▶ What you have to do
Repeat the listing below in full and exactly, but without its pictures.

▶ The data
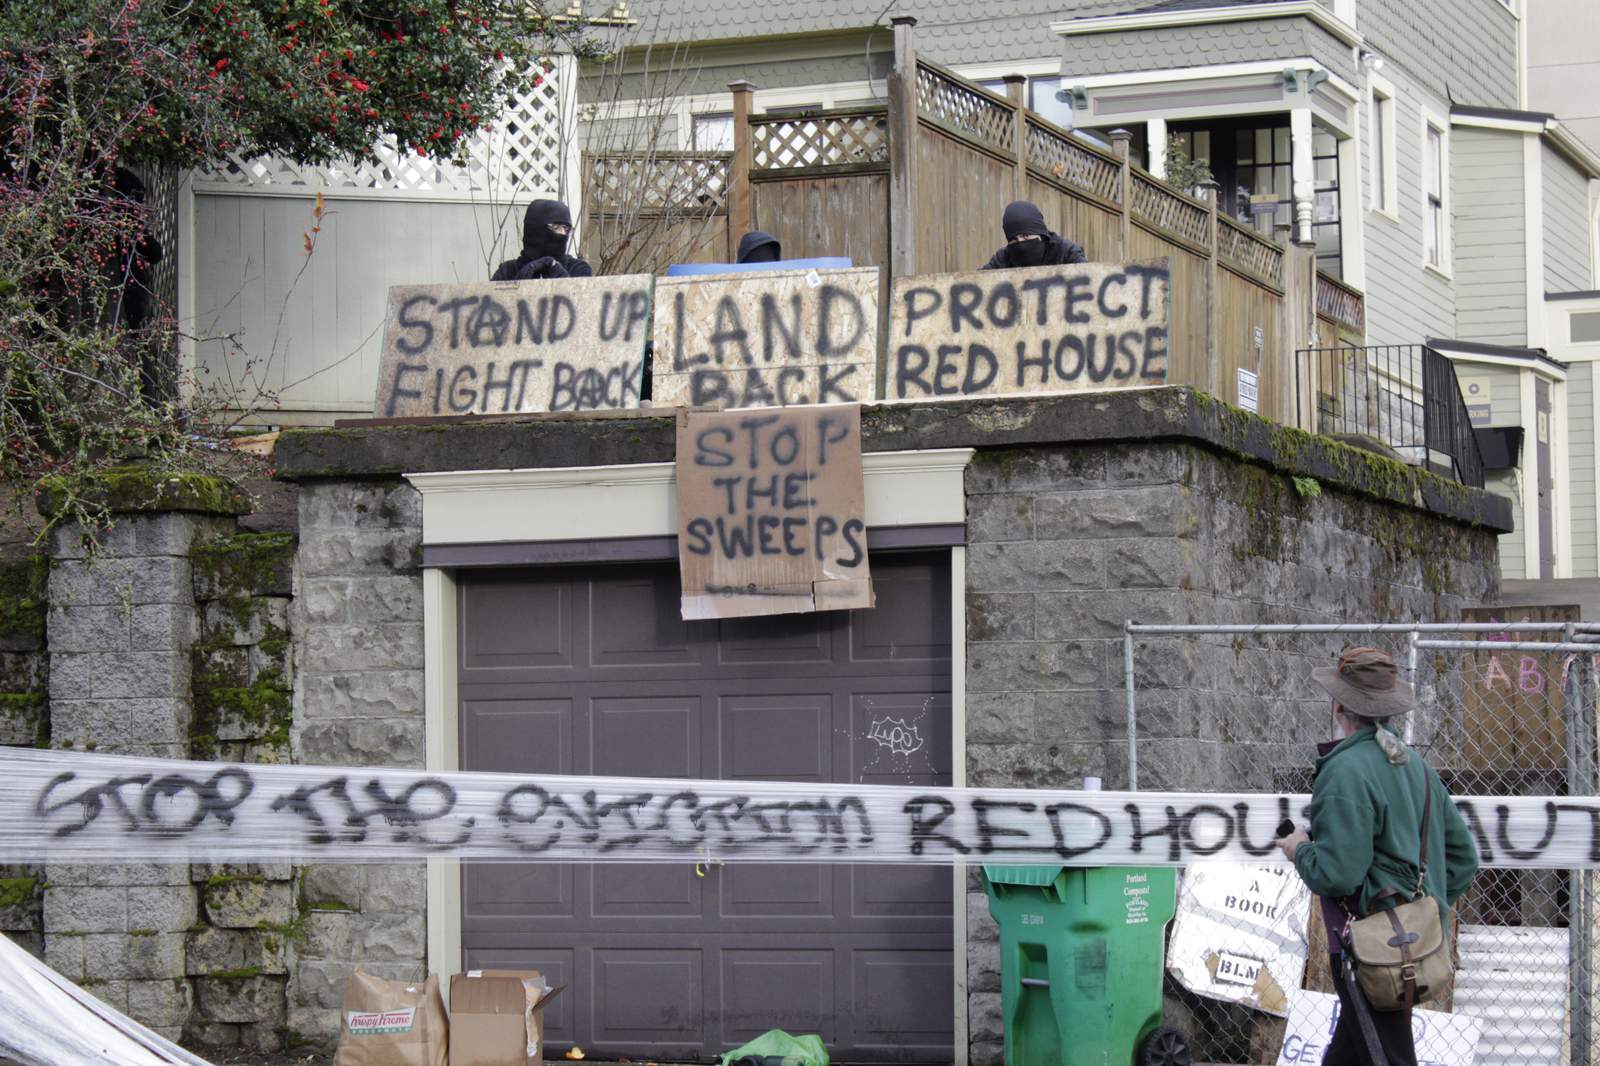 Oregon eviction protest fueled by history of gentrification
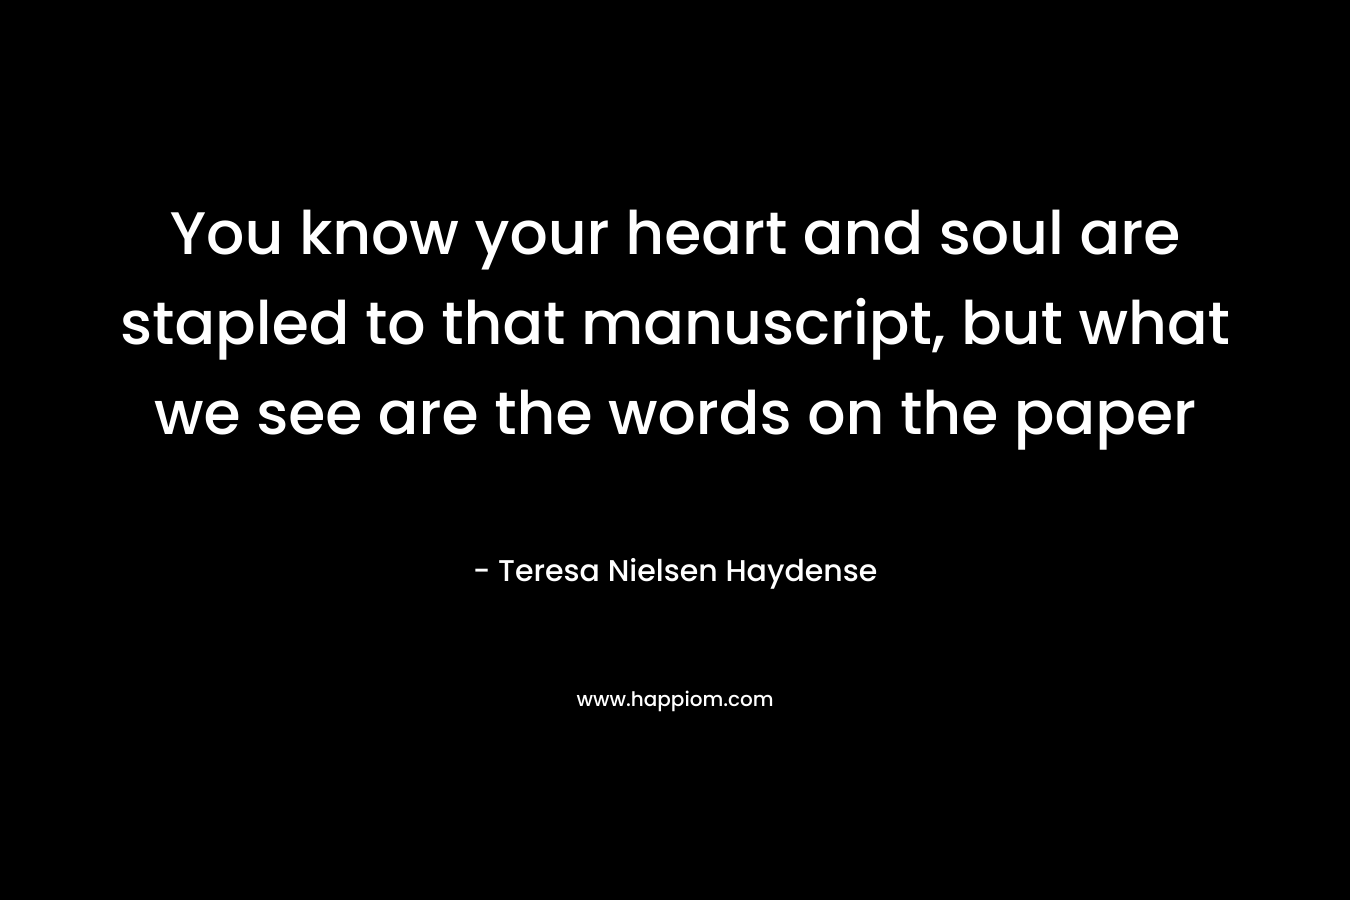 You know your heart and soul are stapled to that manuscript, but what we see are the words on the paper – Teresa Nielsen Haydense
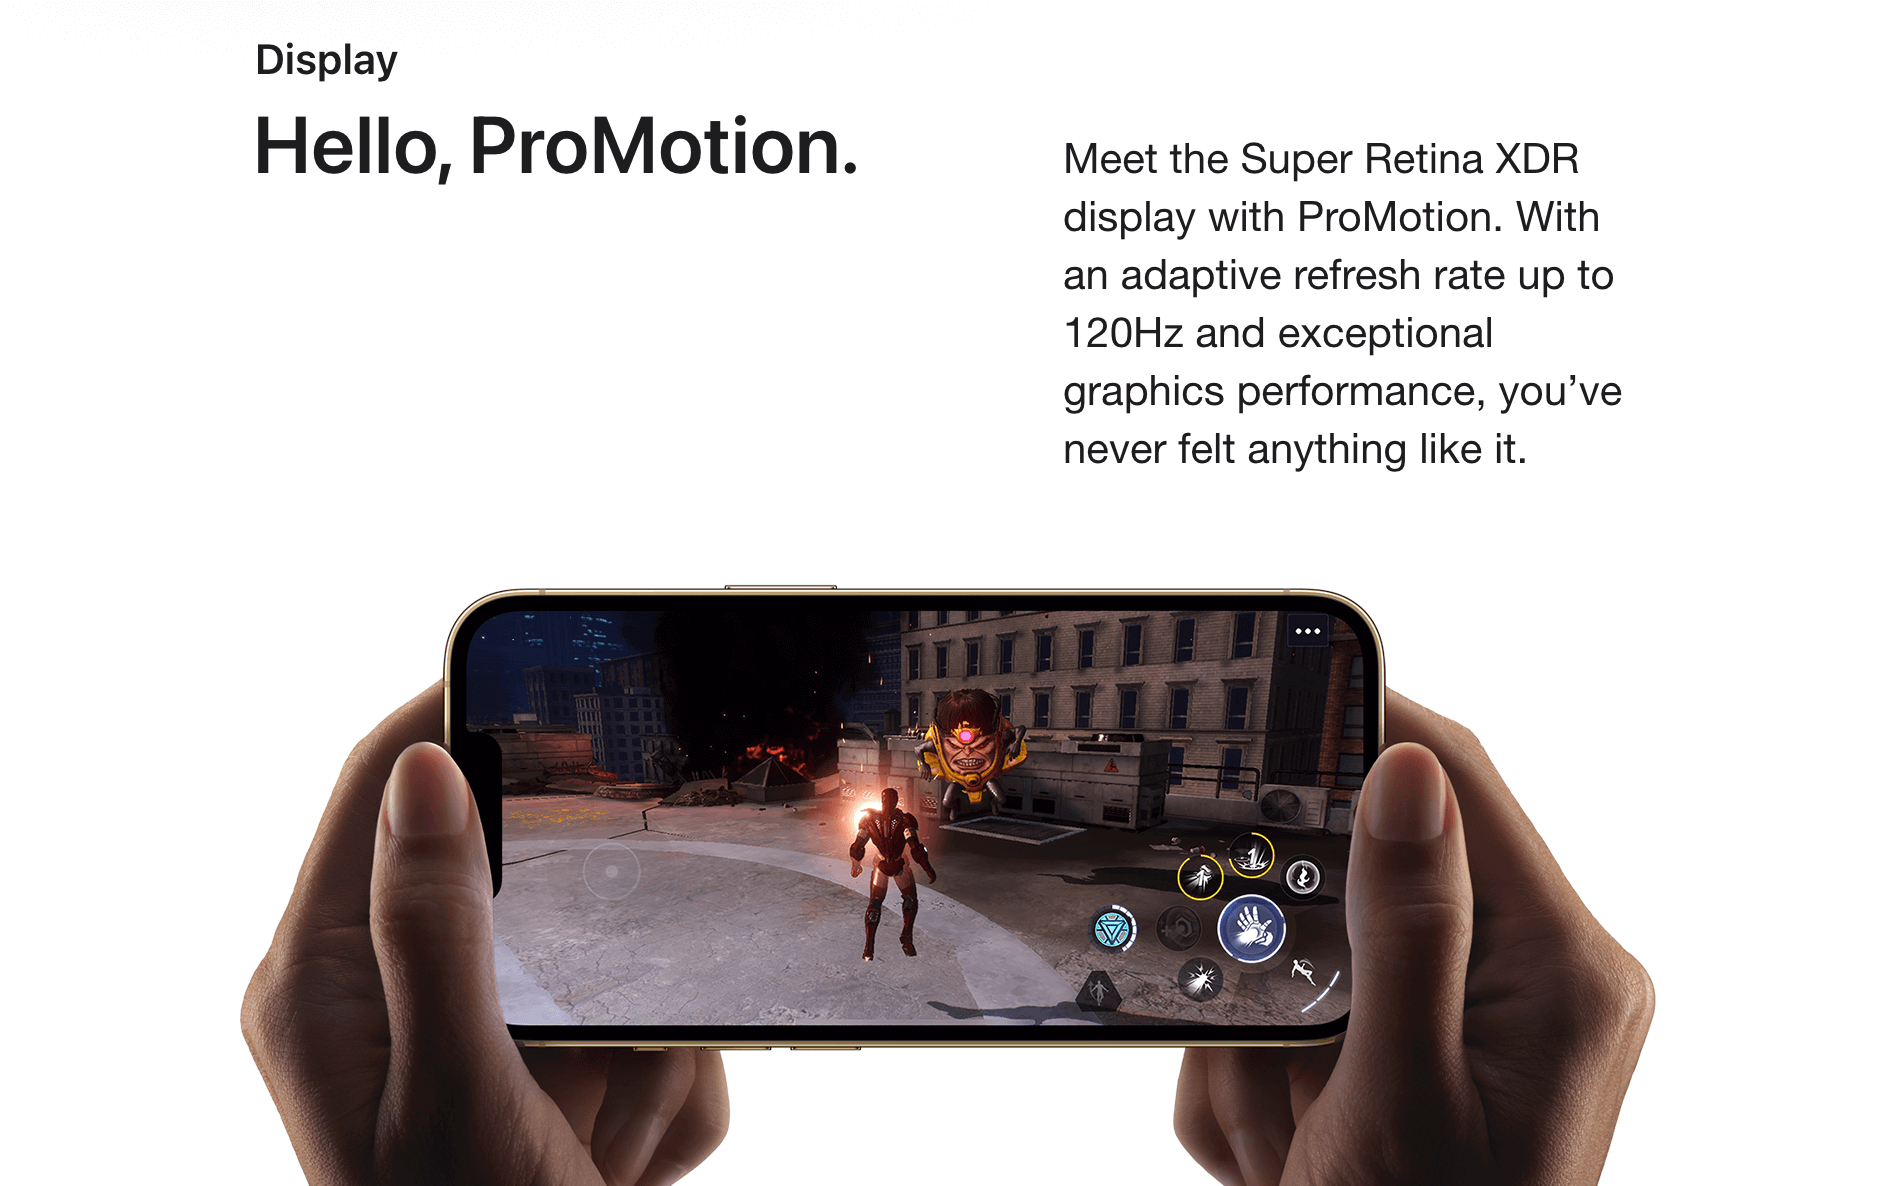 iPhone 13 Pro. Oh. So. Pro.
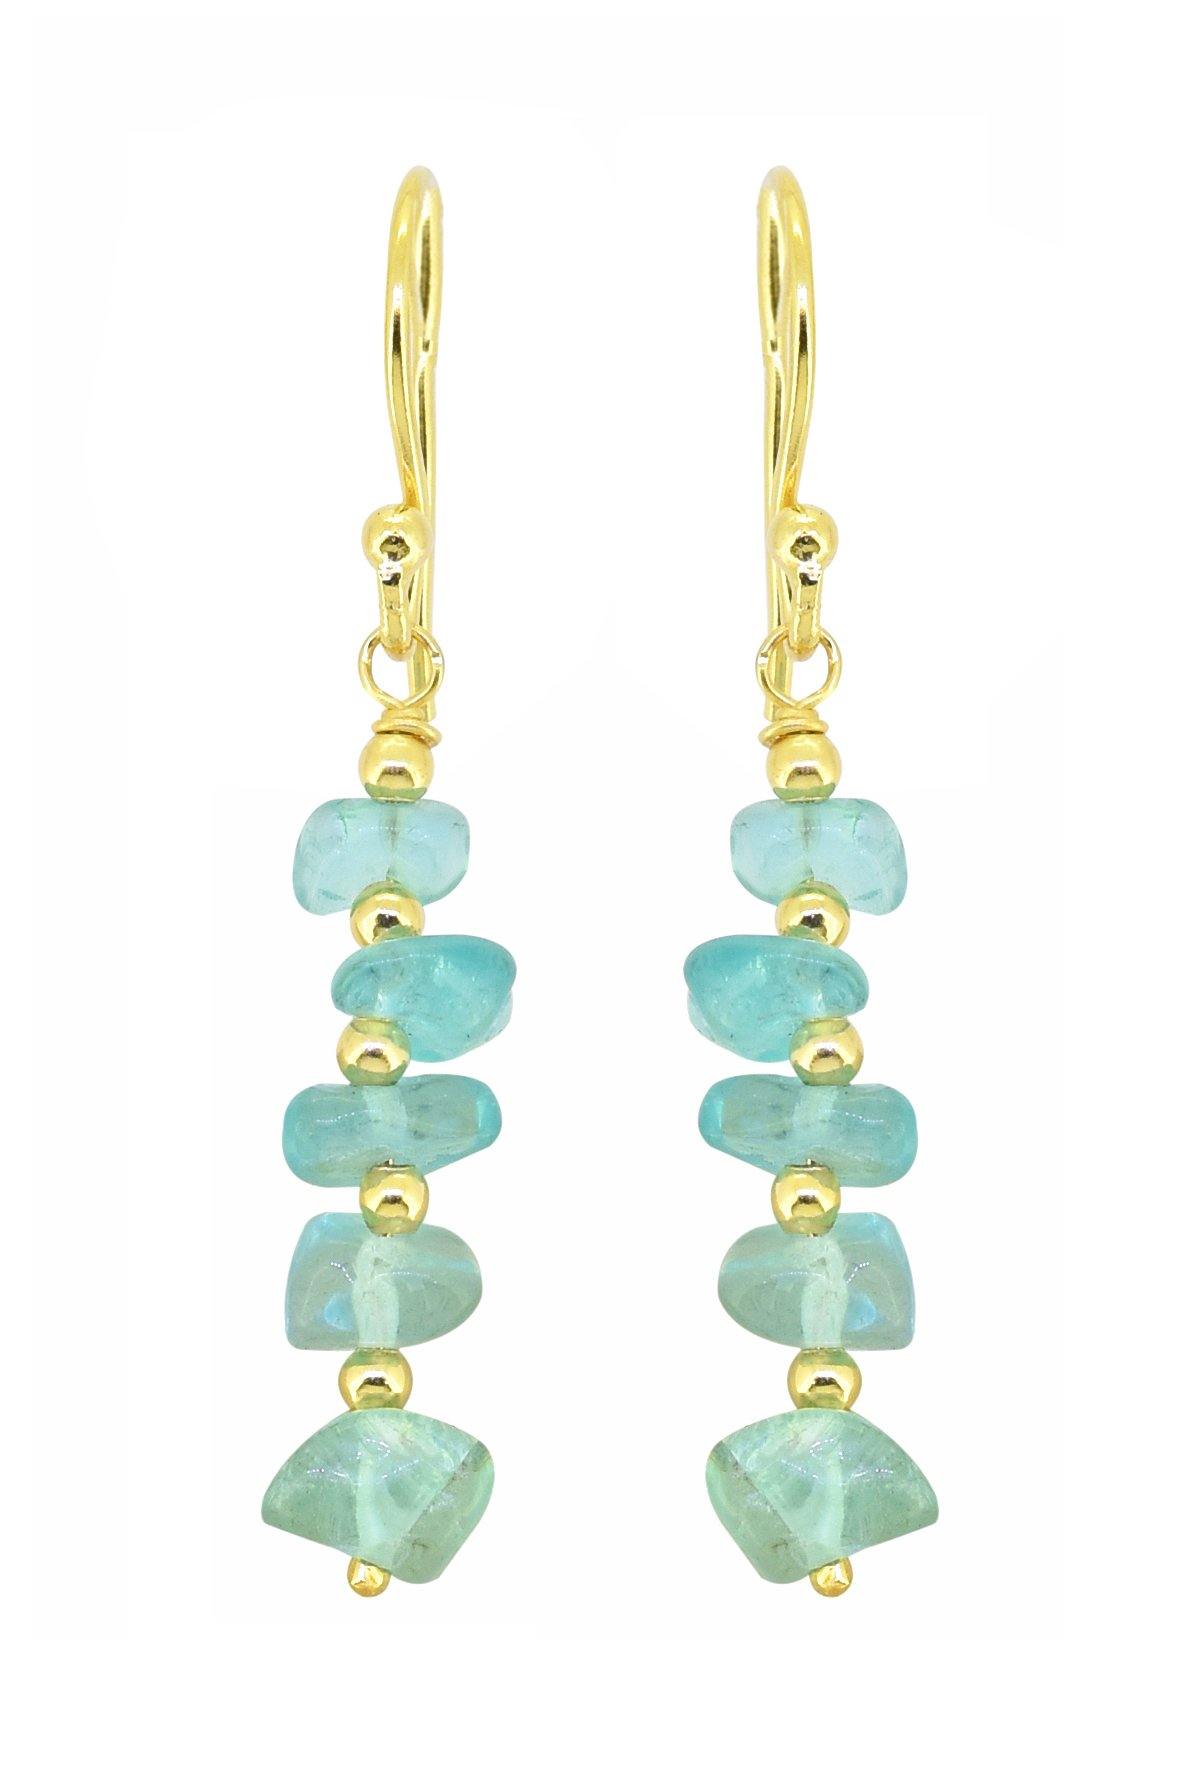 Apatite Solid 925 Silver Gold Plated Dangle Earrings Jewelry - YoTreasure

▶ Response to the task
 Oregon eviction protest fueled by history of gentrification
 You know your heart and soul are stapled to that manuscript, but what we see are the words on the paper – Teresa Nielsen Haydense
 iPhone 13 Pro. Oh. So. Pro.
 Apatite Solid 925 Silver Gold Plated Dangle Earrings Jewelry - YoTreasure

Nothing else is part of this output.